Experimental Evaluation
The authors evaluate BridgeNav on BridgeNavDataset and compare against several strong baselines adapted from indoor VLN (e.g., ORAR, HAMT) and outdoor navigation (e.g., UrbanNav, GOAT‑Bench). Metrics include Success Rate (SR), SPL (Success weighted by Path Length), and Entrance Accuracy (the proportion of episodes where the agent correctly passes through the target entrance). BridgeNav consistently outperforms baselines: SR improves by ~15 percentage points, SPL by ~0.17, and Entrance Accuracy by ~20 percentage points. Ablation studies reveal that removing the optical‑flow module drops performance by roughly 10 percentage points, confirming the importance of future‑state imagination. Qualitative visualizations show the model’s attention shifting from building silhouettes to signage and finally to doorways as the agent approaches the goal.
Contributions and Impact
- Definition of a novel, realistic navigation task that bridges indoor and outdoor domains without external priors.
- Introduction of a vision‑centric framework that dynamically reallocates visual attention and predicts future visual changes via optical flow.
- Creation of a large‑scale, automatically generated dataset that includes coherent video, trajectory annotations, and fine‑grained entrance labels.
- Demonstration of state‑of‑the‑art performance across multiple metrics, establishing a new benchmark for out‑to‑in navigation.
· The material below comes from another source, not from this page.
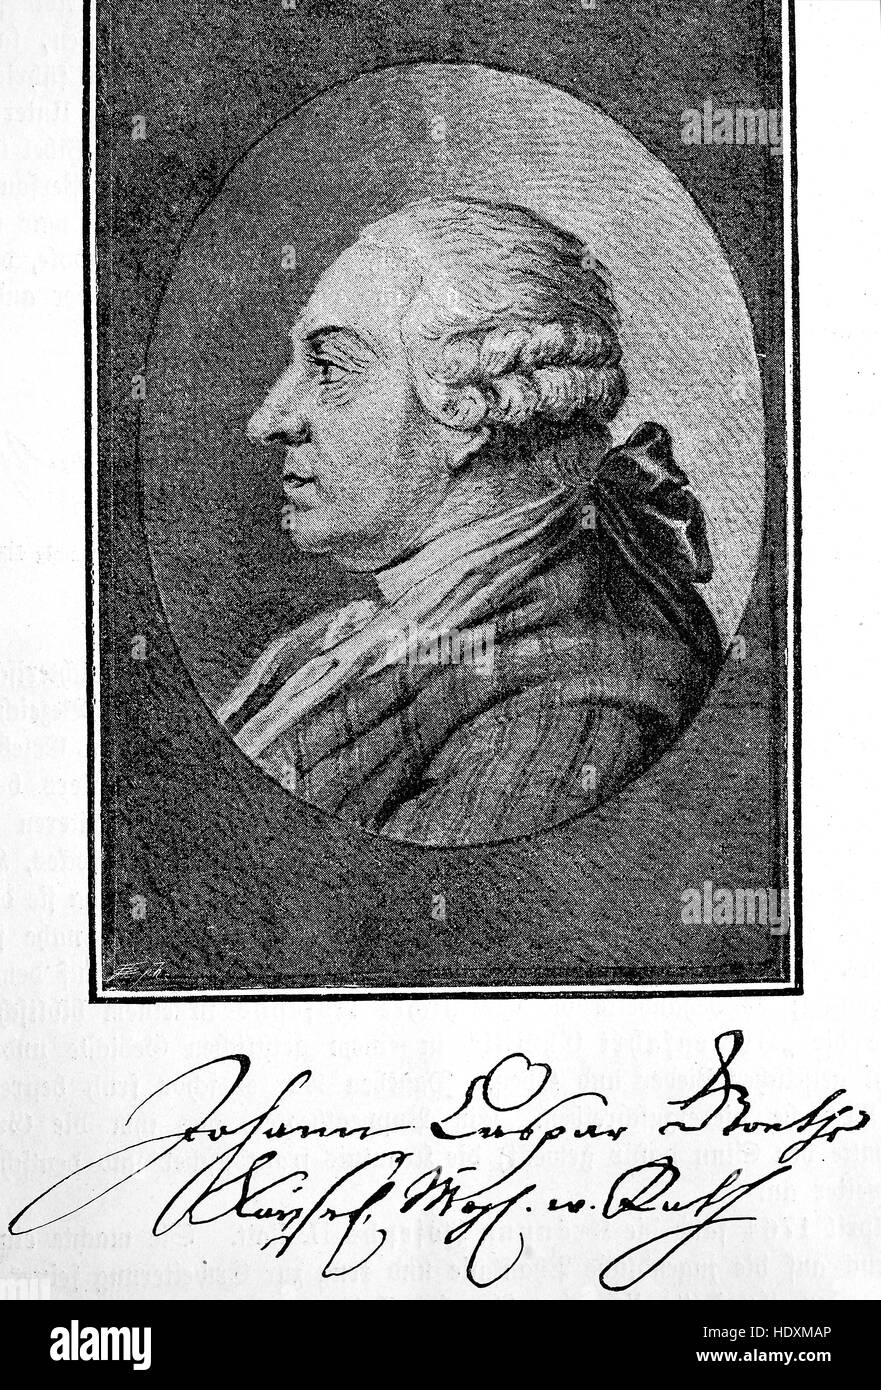 Johann Caspar Goethe, 1710-1782, le père de Johann Wolfgang von Goethe, était un avocat et conseil impérial à Frankfurt am Main, gravure sur bois de l'année 1882, l'amélioration numérique Banque D'Images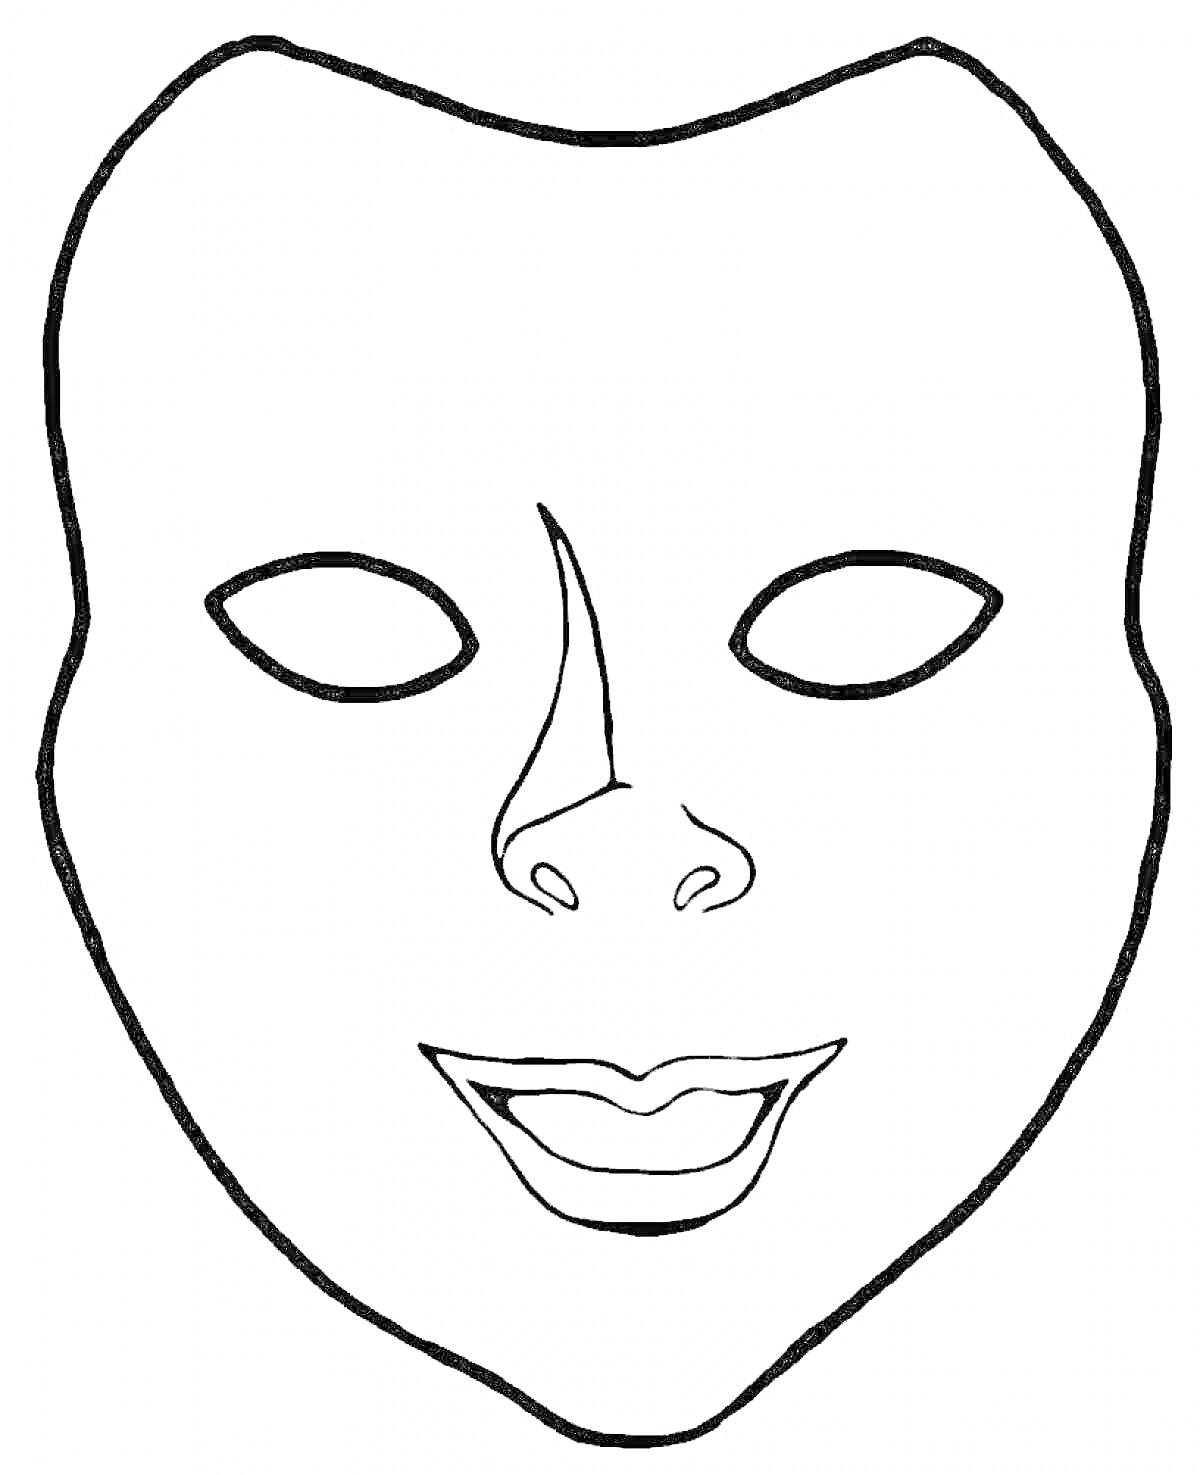 Раскраска Маска для лица с вырезами для глаз, носа и рта

Limitations and Future Work
The current evaluation is confined to simulated street‑view environments; real‑world deployment would need to handle sensor noise, dynamic obstacles, and lighting variations. Extending the model to incorporate depth or LiDAR data could improve entrance localization under occlusion. Moreover, integrating a reinforcement‑learning fine‑tuning stage might further enhance robustness in highly dynamic urban settings.
In summary, the paper delivers a comprehensive solution to the “last meters” problem in embodied navigation, offering both a methodological advance (dynamic intention and flow‑guided perception) and a valuable data resource. Its emphasis on privacy‑preserving, prior‑free operation makes it especially relevant for real‑world robotic delivery, autonomous vehicles, and augmented‑reality navigation applications.